The following code snippet shows how you can configure the concurrency rate limiter in ASP.NET Core 7.
builder.Services.AddRateLimiter(options => { options.RejectionStatusCode = 429; options.AddConcurrencyLimiter(policyName: "concurrency", options => { options.PermitLimit = 3; options.QueueProcessingOrder = QueueProcessingOrder.OldestFirst; options.QueueLimit = 2; }); });
Enable or disable rate limiting in ASP.NET Core 7
You can apply rate limiting to a controller, an action method, or a Razor page. The [EnableRateLimiting] and [DisableRateLimiting] attributes can be used to enable or disable rate limiting in ASP.NET Core 7.
The following code listing shows how you can apply the "fixed" rate limiter to the DefaultController we created earlier and disable rate limiting in an action method of the same controller.

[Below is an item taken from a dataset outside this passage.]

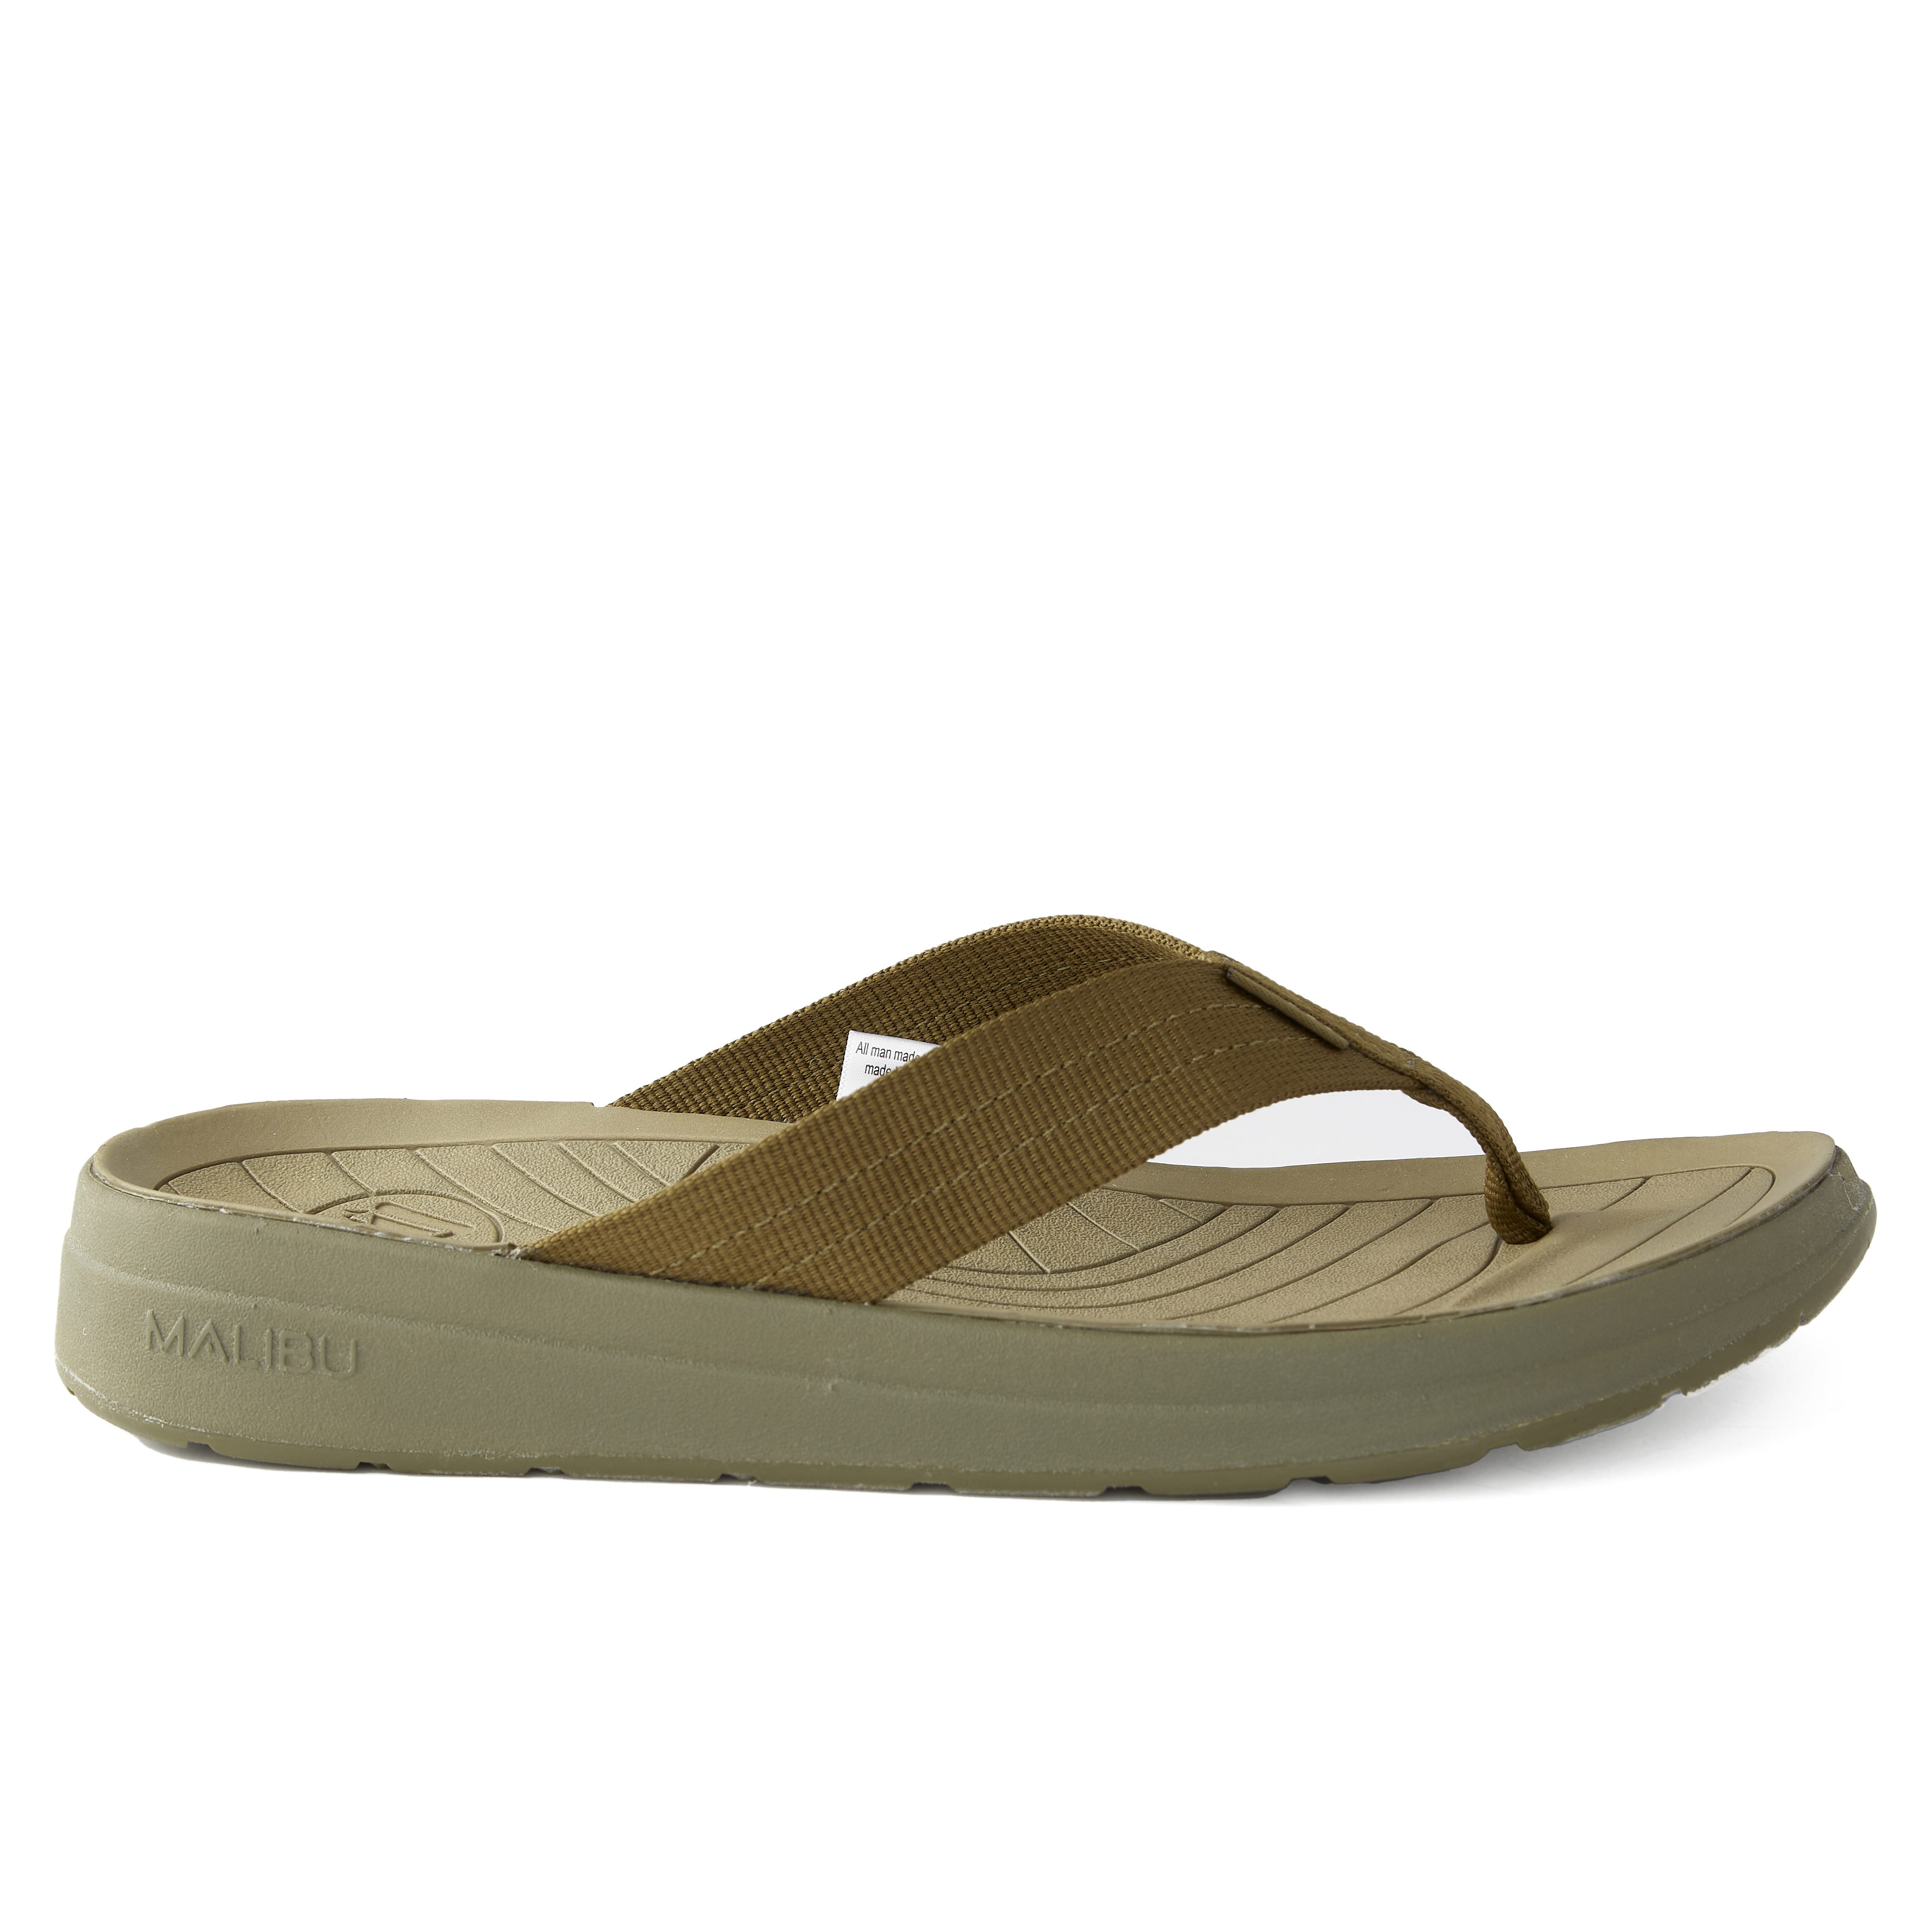 Malibu Surfrider - Olive/Olive | Sandals | Huckberry

[Route("api/[controller]")] [ApiController] [EnableRateLimiting("fixed")] public class DefaultController : ControllerBase { [HttpGet] public string Get() { return "Hello World"; } [HttpGet("{id}")] [DisableRateLimiting] public string Get(int id) { return $"The value of id is: {id}"; } }
Rate limiting has a number of benefits. It can protect your applications or APIs from denial-of-service and other malicious attacks, as well as from non-malicious overuse. By reducing the volume of requests in a specific time window and thereby, it also reduces network traffic and lowers infrastructure costs. Finally, it can even improve the performance of your application by ensuring fair usage of available resources.
In a subsequent article on this topic, I will discuss how we can implement custom rate limiting policies in ASP.NET Core 7.